Lando Norris n’a pas caché son enthousiasme lors de la présentation de la livrée qu’utilisera McLaren F1 cette année. Le champion du monde en titre a évidemment hâte de lancer la nouvelle année durant laquelle il va arborer le numéro 1 sur sa MCL40.
Interrogé sur la livrée 2026 de son équipe, il s’est félicité de franchir cette nouvelle étape, tout en se rappelant à quel point la saison 2025 a été une aventure exceptionnelle pour lui et son équipe.
"C’est beau ! C’est incroyable. Quand je regarde toute la saison, l’aventure que ça a été, avec les victoires à Monaco, à Silverstone, le titre mondial des constructeurs, il y a eu de très beaux moments, d’autres difficiles, mais la terminer comme ça à Abu Dhabi était parfait" a déclaré Norris avant de détailler la préparation.
"On est toujours impatients de commencer une saison même si la fin de la précédente n’était pas il y a si longtemps. Mais on a beaucoup de choses à voir pendant ces tests de Bahreïn, ces voitures sont nouvelles, mais j’ai surtout hâte d’être à Melbourne et de lancer la saison."
"On se prépare en quelque sorte de la même manière, dans le simulateur il y a eu du travail sur les procédures. Normalement, on cherche à comprendre ce qui allait bien ou non l’année d’avant, mais là, on a dû travailler sur les nouvelles choses, notamment le volant."
Devant la décoration de la MCL40, le Britannique s’est félicité d’une identité en continuité des dernières saisons : "Quelques petits changements mais on garde le papaya, on ne change pas grand chose.

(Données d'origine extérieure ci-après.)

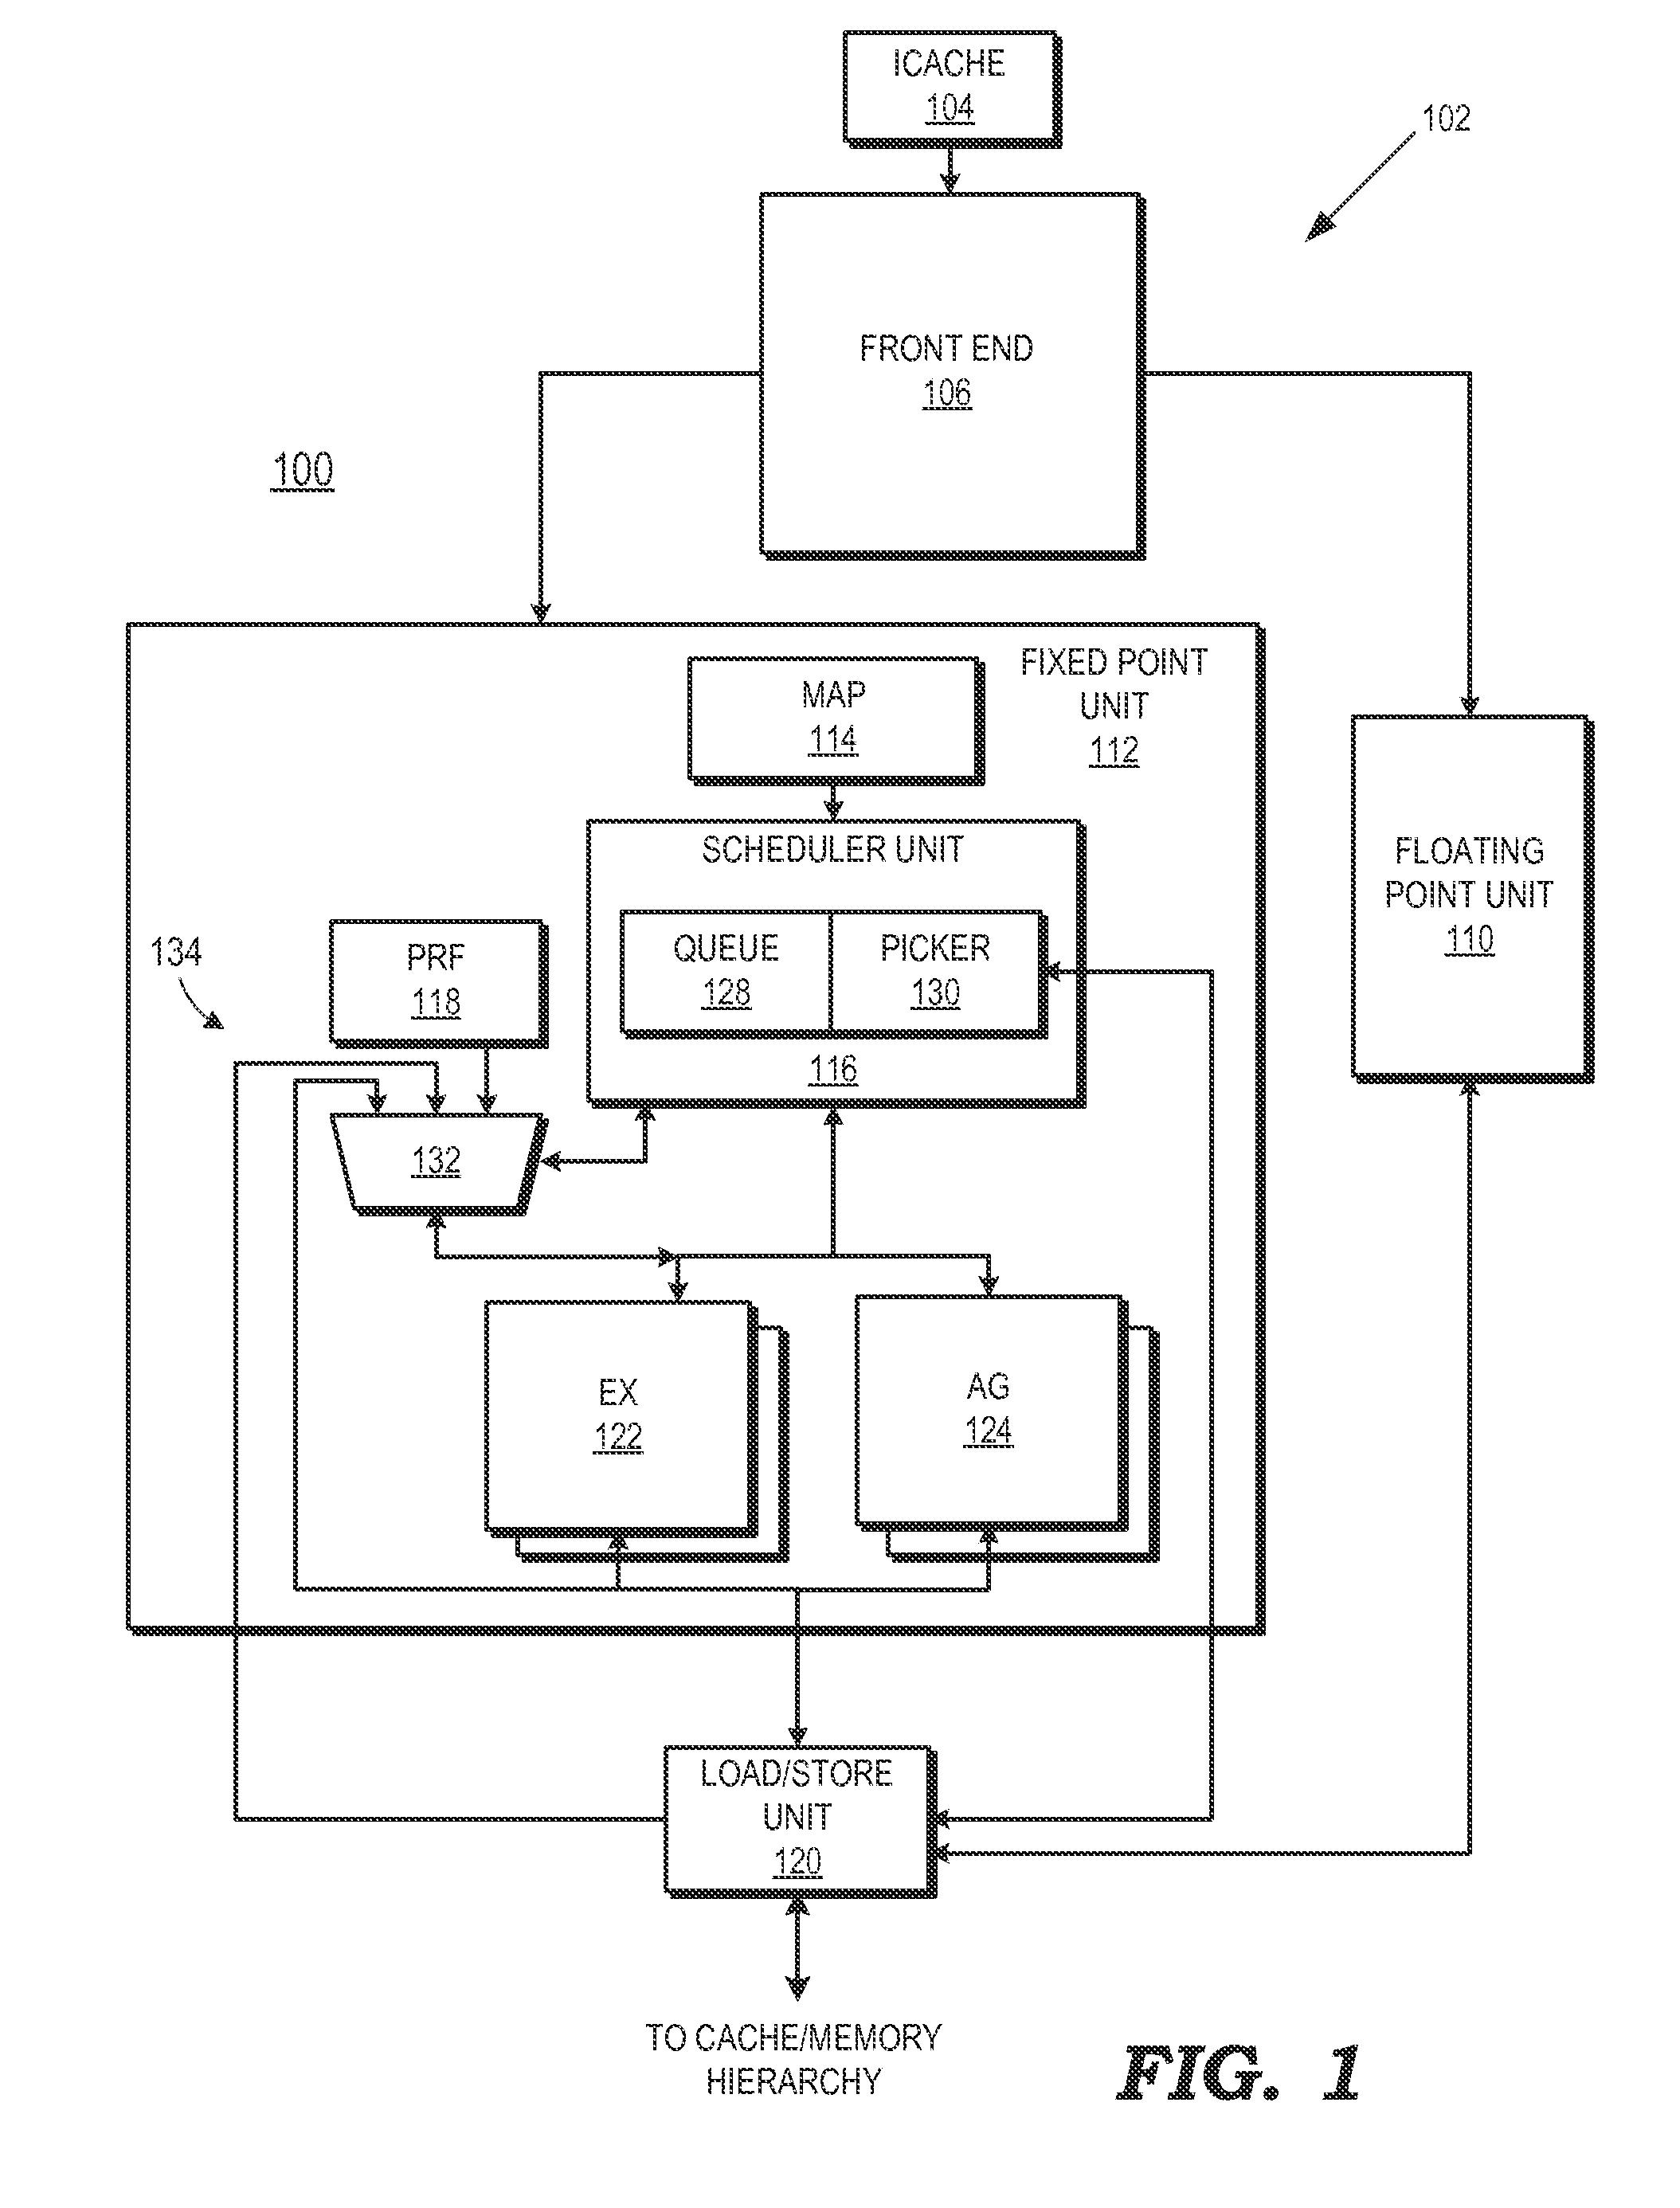 Dependent instruction suppression in a load-operation instruction

J’ai adoré notre livrée de tests, mais on doit garder ces couleurs."
Norris reconnait qu’il faudra du travail pour comprendre les nouvelles monoplaces, mais il y a déjà une identification claire de ce qui change et qui représentera un défi sur ces voitures, très différentes des F1 récentes.
"C’est différent de toutes les voitures que j’ai pilotées, on dirait un peu plus une F2 avec plus de puissance, moins de grip, et ça va être un défi derrière le volant, ce qui est excitant car c’est notre métier de piloter."
Moins de grip et plus de puissance, un cocktail détonnant sur piste mouillée : "C’est dans l’esprit de tout le monde, surtout que la course de Melbourne l’an dernier était le chaos, et si on n’a pas de tests d’ici là sous la pluie ce sera un très gros défi pour tout le monde."
Oscar Piastri a expliqué qu’il a passé un bon hiver, même si la pause a été courte, et il explique en quoi 2026 sera difficile : "J’ai hâte de recommencer, ça m’a fait du bien de rentrer à la maison, de passer du temps avec ma famille, avec mes amis, et je suis prêt à recommencer !"
"Ce sera un très gros défi, les voitures changent, mais ce sont surtout les moteurs. Il y a beaucoup de différences et c’est ce qu’on va voir pendant ces essais, il y a énormément de choses auxquelles s’habituer."
"Les nouvelles réglementations nous posent un défi de taille, mais j’aborde cette année avec beaucoup d’optimisme et je suis prêt à relever les défis de cette nouvelle ère. Nous avons tiré de nombreux enseignements de l’année dernière, je me sens donc plus fort que jamais et j’ai hâte de voir ce que nous pouvons accomplir cette année."
"Il y aura bien plus d’importance du côté électrique du moteur, davantage de puissance venant de la batterie et ce sera plus dynamique donc on devra garder un oeil dessus. Mais l’objectif d’être le plus rapide reste le même, il y aura simplement plus de travail sur le pilotage."
Devant la décoration de la MCL40, l’Australien a aussi été satisfait, avant de préciser les difficultés de la réglementation : "Elle est magnifique, il y a un peu plus d’orange cette année, surtout à l’avant. On garde une livrée qui nous a réussi ces dernières années, quelques petites différences mais c’est proche."
"C’était bien de revenir en piste, l’expérience est différente sous plusieurs angles, mais au final c’est toujours une voiture de F1, c’est rapide, l’accélération de ces moteurs est impressionnante, et ça va être bien de reprendre le volant à Bahreïn avant d’aller à Melbourne."
Avec ces monoplaces plus courtes, plus étroites et plus légères, l’expérience de pilotage sera évidemment meilleure, notamment sur les tracés qui étaient très difficiles à aborder avec les gros gabarits précédents.
"Les circuits plus étroits et plus lents seront plus agréables dans ces voitures, comme Monaco, Singapour, ce sera plus sympa pour les voitures. Les circuits plus rapides étaient ceux où les anciennes voitures étaient impressionnantes, donc on verra ce qu’il en est."